The 2-legged oAuth won't fit because it only provides authentification for clients and not for users.
Another problem with oAuth is that I haven't found a comprehensive guide for implementing it in Python. I found the python-oauth2 library, but I don't understand the server example and I can't find additional documentation. Plus it seems that many aspects of oAuth are not covered in this example.

So my questions are :

  1. Is there alternative scheme (not oAuth) for authenticate both client and user with a reasonable level of security ?
  2. If oAuth is the best solution :
    • How to skip the authorization process (because users won't have to authorize third party clients)?
    • Is there detailled documentation for python-oauth2 or for any other Python library?

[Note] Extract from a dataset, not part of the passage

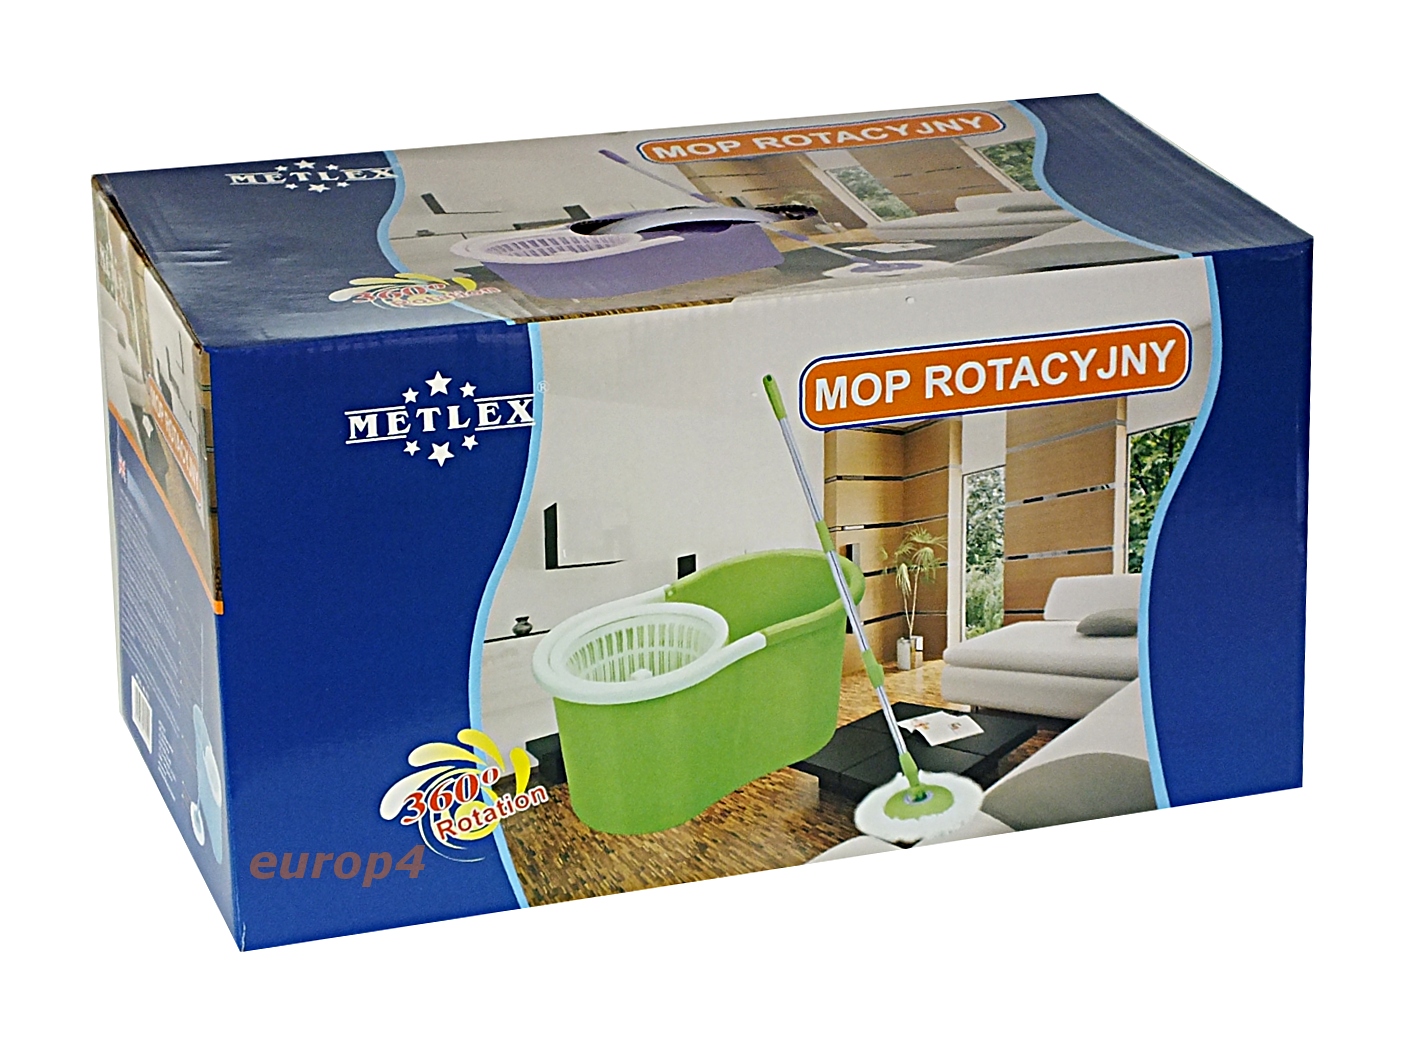 Mop rotacyjny Metlex MX 9050 - oryginalne pudełko

Any help or advice will be appreciated.

Answer

easel picture easel · Jun 3, 2012

The simple answer is to expose your API via HTTPS only, and then use HTTP Basic authentication. I don't think there's really any reason to bother with Digest. Basic authentication is insecure, but is submitted with every request so you never need to worry about your authentication going stale or whatever. By tunneling it over HTTPS, you have a secure connection.

If you want to authenticate the client, you could use SSL client certificates. That said, in general it's pretty tough to really lock down the client against malicious users, so I would consider making the sign-up functions openly accessible and protect yourself from DOS etc via out-of-band account verification.